Das Behaimdenkmal am Theresienplatz

Martin Behaim

Auftraggeber für den ältesten erhaltenen Erdglobus.

* 6.10.1459 in Nürnberg ; †29.7.1507 in Lissabon

Lebenslauf:

Nach Abschluss seiner Schulzeit wurde Martin Behaim 1476 zu einem flämischen Tuchhändler in die Lehre geschickt. 1478 wechselte er nach Antwerpen. Damals begann er bereits mit eigenen Handelsgeschäften. 1482/3 muss er sich wieder in Nürnberg aufgehalten haben. 1484/85 verlagerte er seinen Lebensmittelpunkt nach Portugal, wo er am 18. Februar 1485 zum Ritter geschlagen wurde. Um diese Zeit hat er wohl eine oder mehrere Reisen nach Afrika unternommen.
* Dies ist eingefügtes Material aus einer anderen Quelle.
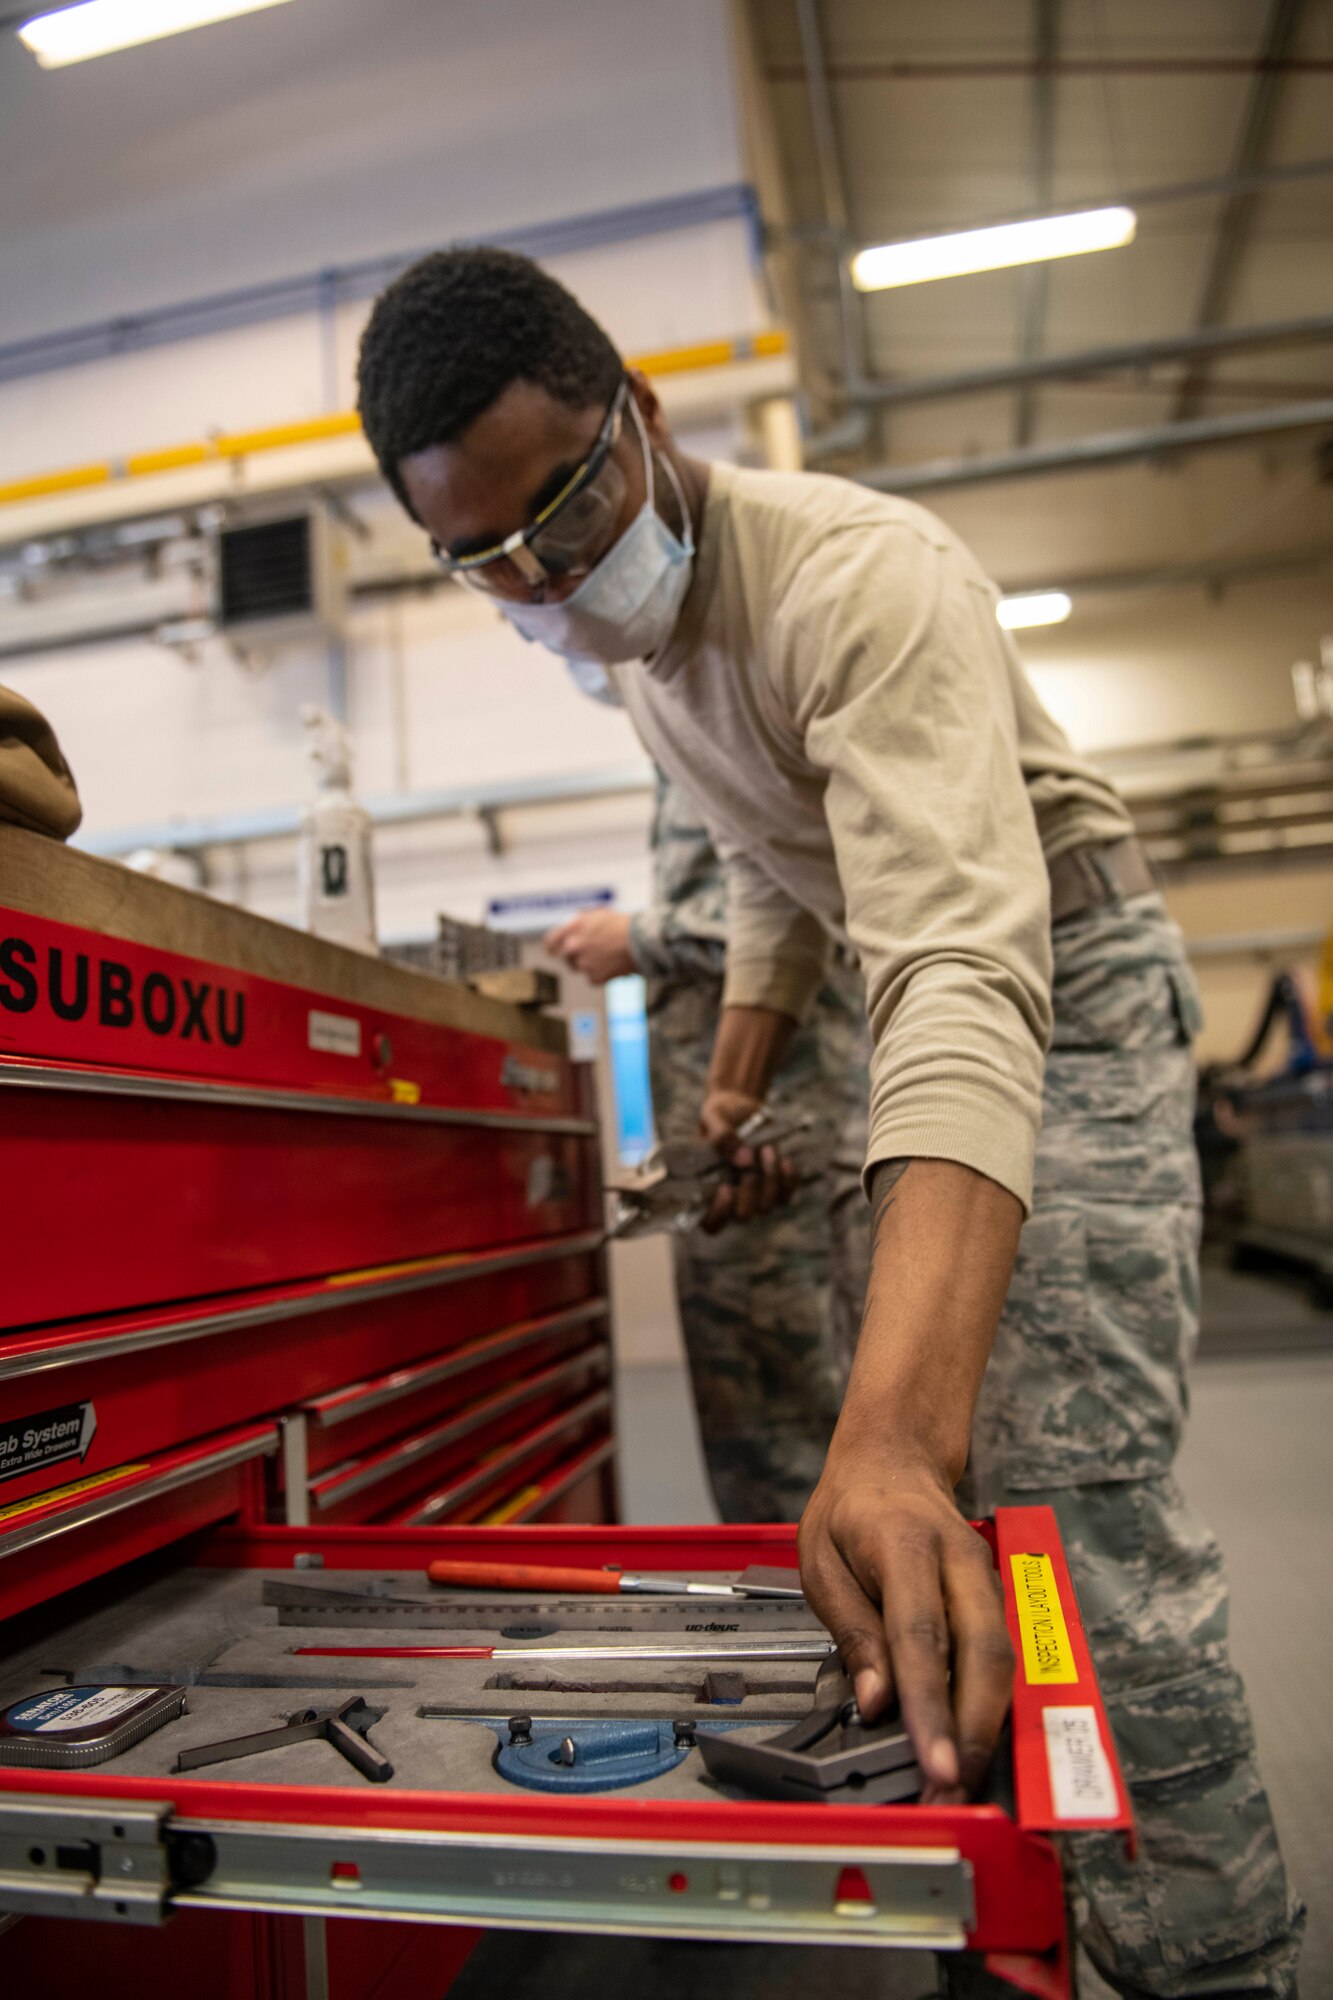 Airman 1st Class Jevaughn Harvey, 100th Maintenance Squadron aircraft structural maintenance apprentice, puts tools away after doing a training project at RAF Mildenhall, England, April 8, 2020. Airmen at the 100th MXS aircraft structural maintenance shop stay ready for the mission by conducting training projects such as taking out stuck screws from metal sheets. (U.S. Air Force Staff Sgt. Luke Milano)

Von 1490 bis 1493 hielt er sich wieder in Nürnberg auf, in dieser Zeit initiierte er die Herstellung des Erdglobuses. 1493 kehrte er nach Portugal zurück, wo er 1507 verarmt starb.

Wirken:

Martin Behaim war der Ideengeber für den Erdglobus von 1492, der sich bis heute im Besitz des Germanischen Nationalmuseums Nürnberg erhalten hat. Es handelt sich dabei um den ältesten erhaltenen Erdglobus.

Mitgliedschaften und Ehrungen:

In Nürnberg wurde 1870/75 eine kleine Verbindungsstraße zwischen der Ludwig-Feuerbach-Straße und der Äußeren Sulzbacher Straße nach Martin Behaim benannt, zudem trägt ein Gymnasium in der Südstadt seinen Namen.

Am Theresienplatz findet sich das Martin-Behaim-Denkmal. 1837 wurde durch den bekannten Astronomen Johann Heinrich Mädler (1794-1874) ein Krater auf dem Mond nach ihm benannt.